From the New York Times:

The decision
[to revise the texts] on the Battle of Okinawa, which came as a surprise because the ministry had never objected to the description in the past, followed recent denials by Mr. Abe that the military had coerced women into sexual slavery during the war.

It was only in the late 19th century that Japan officially annexed Okinawa, a kingdom that, to this day, has retained some of its own culture. During World War II, when many Okinawans still spoke a different dialect, Japanese troops treated the locals brutally. In its history of the war, the Okinawa Prefectural Peace Memorial Museum presents Okinawa as being caught in the fighting between America and Japan — a starkly different view from the Yasukuni Shrine war museum, which presents Japan as a liberator of Asia from Western powers.
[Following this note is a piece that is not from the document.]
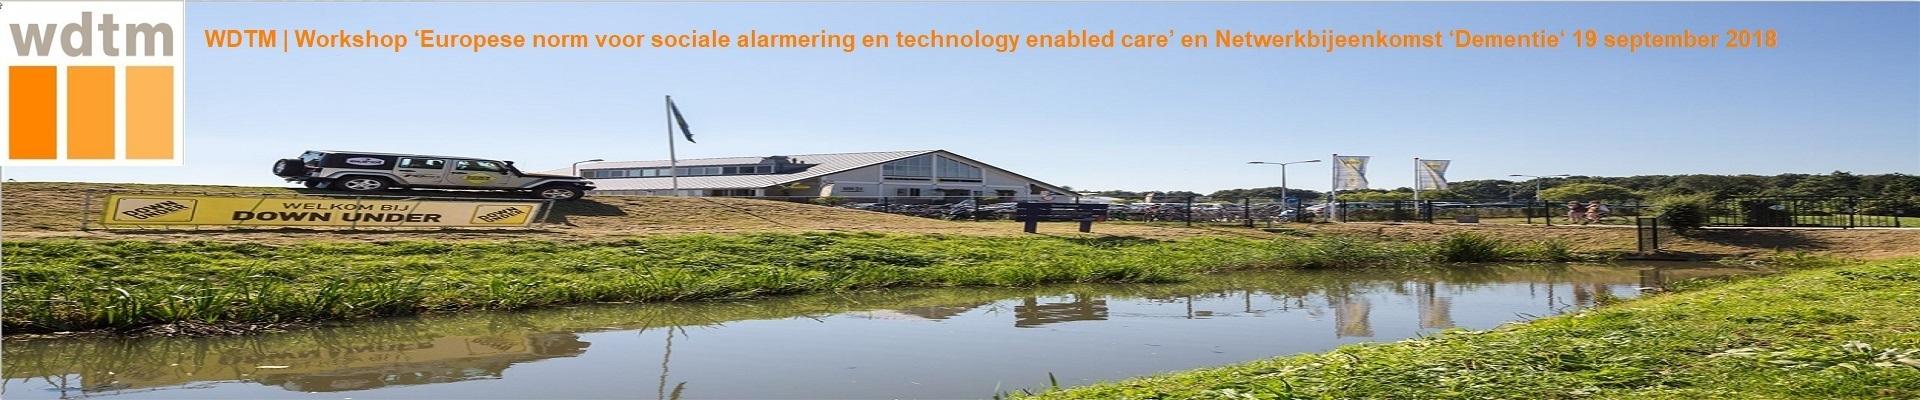 WDTM Workshop 'Europese norm voor sociale alarmering en technology enabled care' en Netwerkbijeenkomst over 'Dementie' d.d. 19 september 2018

During the 1945 battle, during which one quarter of the civilian population was killed, the Japanese Army showed indifference to Okinawa’s defense and safety. Japanese soldiers used civilians as shields against the Americans, and persuaded locals that victorious American soldiers would go on a rampage of killing and raping. With the impending victory of American troops, civilians committed mass suicide, urged on by fanatical Japanese soldiers.

“There were some people who were forced to commit suicide by the Japanese Army,” one old textbook explained. But in the revision ordered by the ministry, it now reads, “There were some people who were driven to mass suicide.” Full story here.

I guess Abe and his whitewashers should say that the revision is necessary due to the meaning of some word in a "narrow" sense or some others mealy-mouthed horse manure.